ソフィアの魔力も乗せた一撃だ。それなりにダメージがあって欲しいところだが。しかし、無情にもワイバーンにとどく前に焼け焦げて落ちてしまった。


「そんな……!?」


「遠距離はダメか、なら!!」


俺はワイバーンへと距離を詰める。瞳の色は光り、天使の翼が背中から生える。


今出来うる速度の攻撃。


霞食で瞬間的に肉体能力を上げた俺の拳は、ワイバーンの腹部にクリーンヒットした。鉄板を叩くような強い衝撃。強化をしていなければ、俺の拳が粉々になっていことだろう。


衝撃をモロに食らい、少しのけぞった様子を見せるワイバーン。


「……良い、実に良い」


しかし、その手応えとは逆に、彼の顔は笑っていた。


「短期間で、この成長。実に素晴らしい」


ワイバーンは体を起こすと、満面の笑みを見せる。


「効いていないのか!?」


「物理的には、どうということはない。しかし、私は今最高の逸材に会えたことに興奮している」


ワイバーンはそう言うと、一番奥まで歩いていくと、祀られていた棺に手をかざす。
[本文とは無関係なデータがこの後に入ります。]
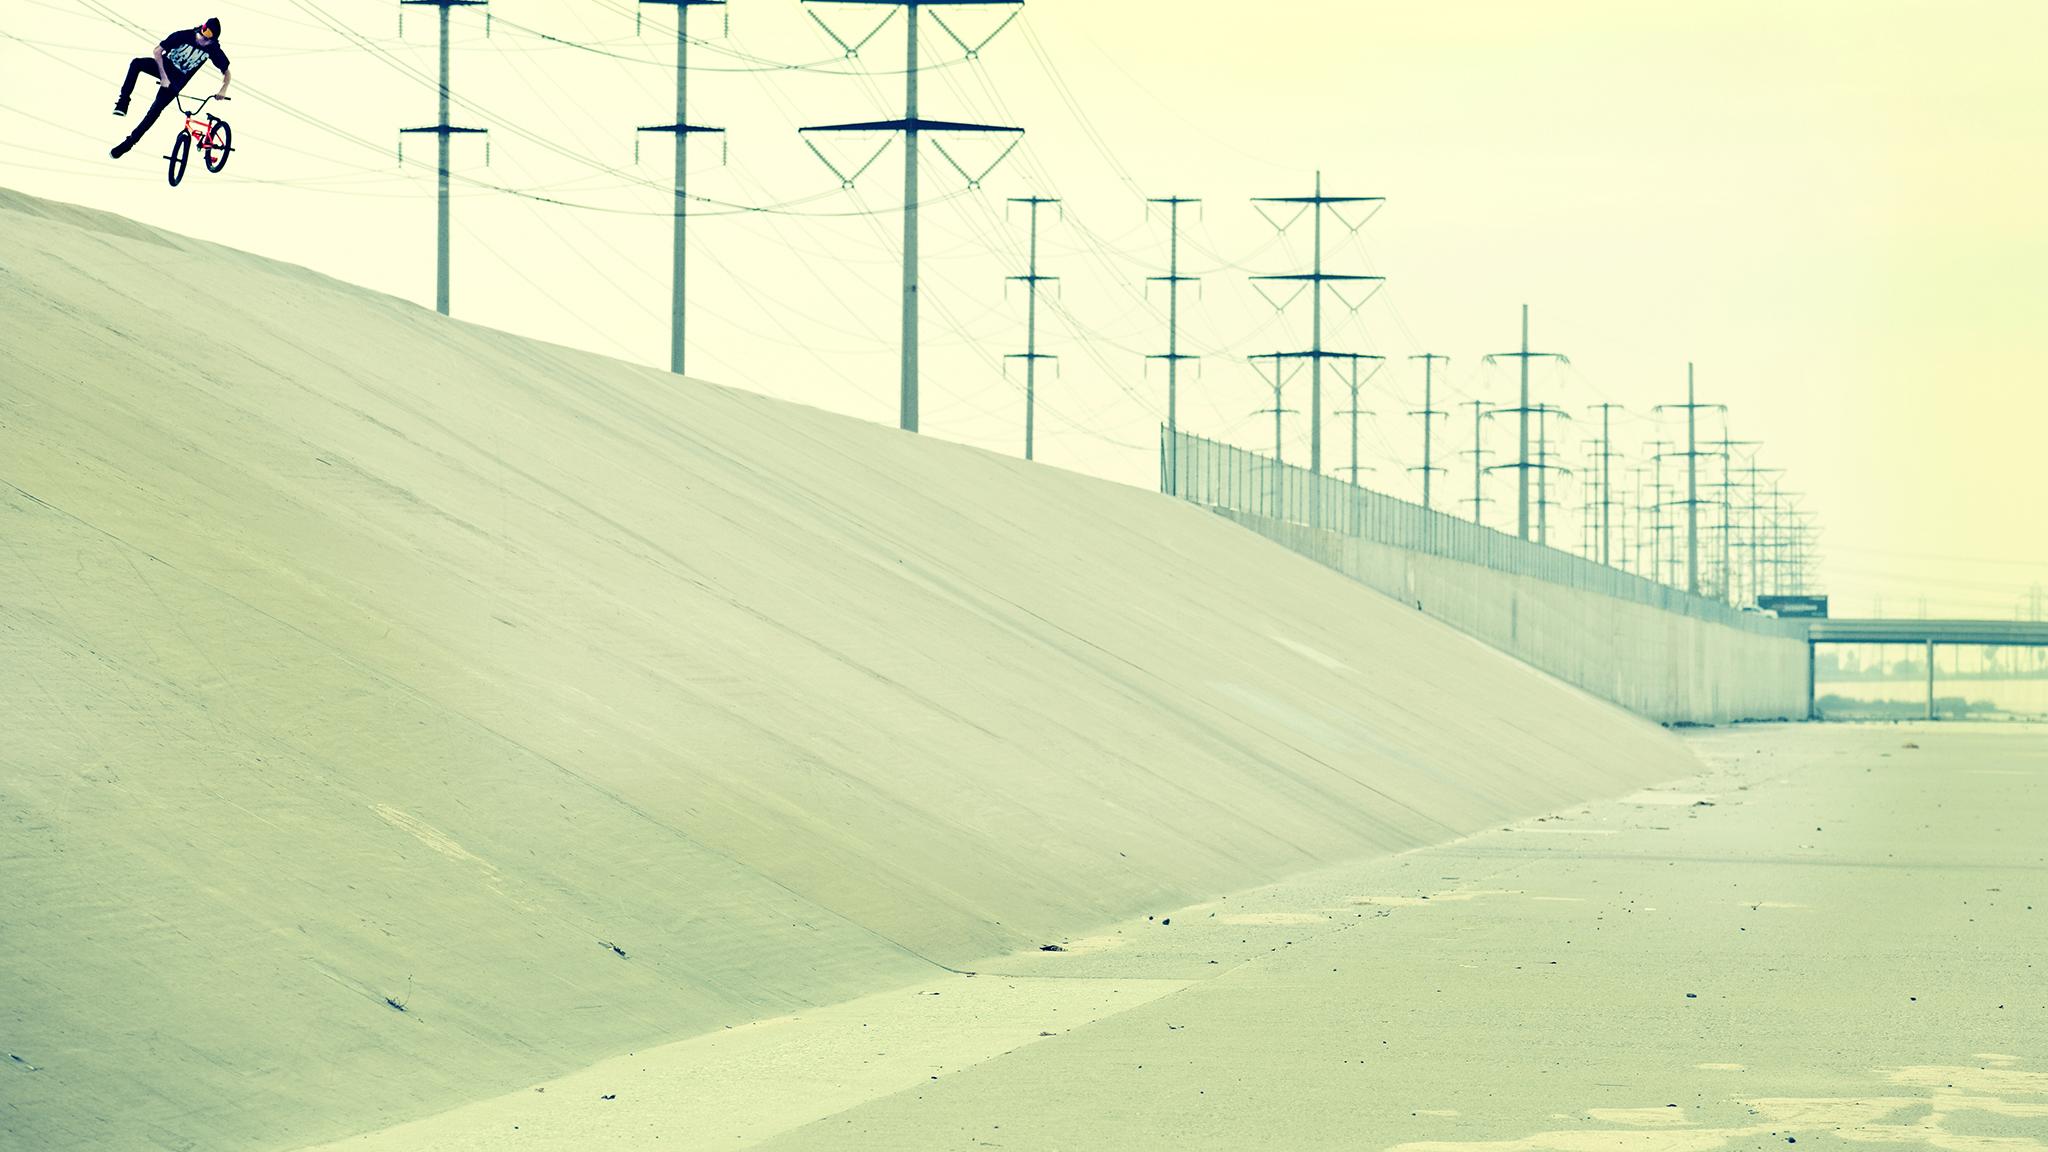 Tailwhip, California

それと同時に、大きな震動が立て続けに起き始める。


「なんだ……!?何をしたんだ!!?」


「仕上げだよ。ついに、バベル様復活の時が来たのだ!!」


ワイバーンは手を高らかに掲げ、神が下りてくるような大仰なポーズをとる。


「さぁ、バベル様復活の時を、皆で祝おうではないか」



◆◆◆◆◆



それと時を同じくして、地下最深部でも同様に異変が起きていた。


激しい横揺れが始まり、なにか只事ではない雰囲気を漂わせている。


「何、何が起きているの?」


「ここが崩壊でもするのか、激しい揺れだな」


「そんな。今ここが崩れては、私達は助かりませんわ」


「その通りだな、急いで上に上がった方がいいかもしれん」


ミュウは何かを感じ取ったように、しきりに後ろを気にしている。


「どうした、ミュウ」


「何か、後ろから近づいてきていない?」


その言葉は、あまりに漠然としていた。


「何かってなんですの?」


「わからないわ。けれど、さっき感じた不気味な何かが、こちらに近付いてきている」


レティはなにか反論しようとしたが、ミュウの言いたいことがわからないでもなかった。


首筋に、なにか不気味なものがまとわりつこうとしている感触。早くこの場から逃げた方がいい、体はそう告げていた。


シェイド、ミュウ、レティの3人は同時に背後を振り返る。


そこには、鉄の扉が開け放たれ、暗い穴の底から這い出てきた闇が少しずつ、少しずつ彼女達に迫ってきているのであった。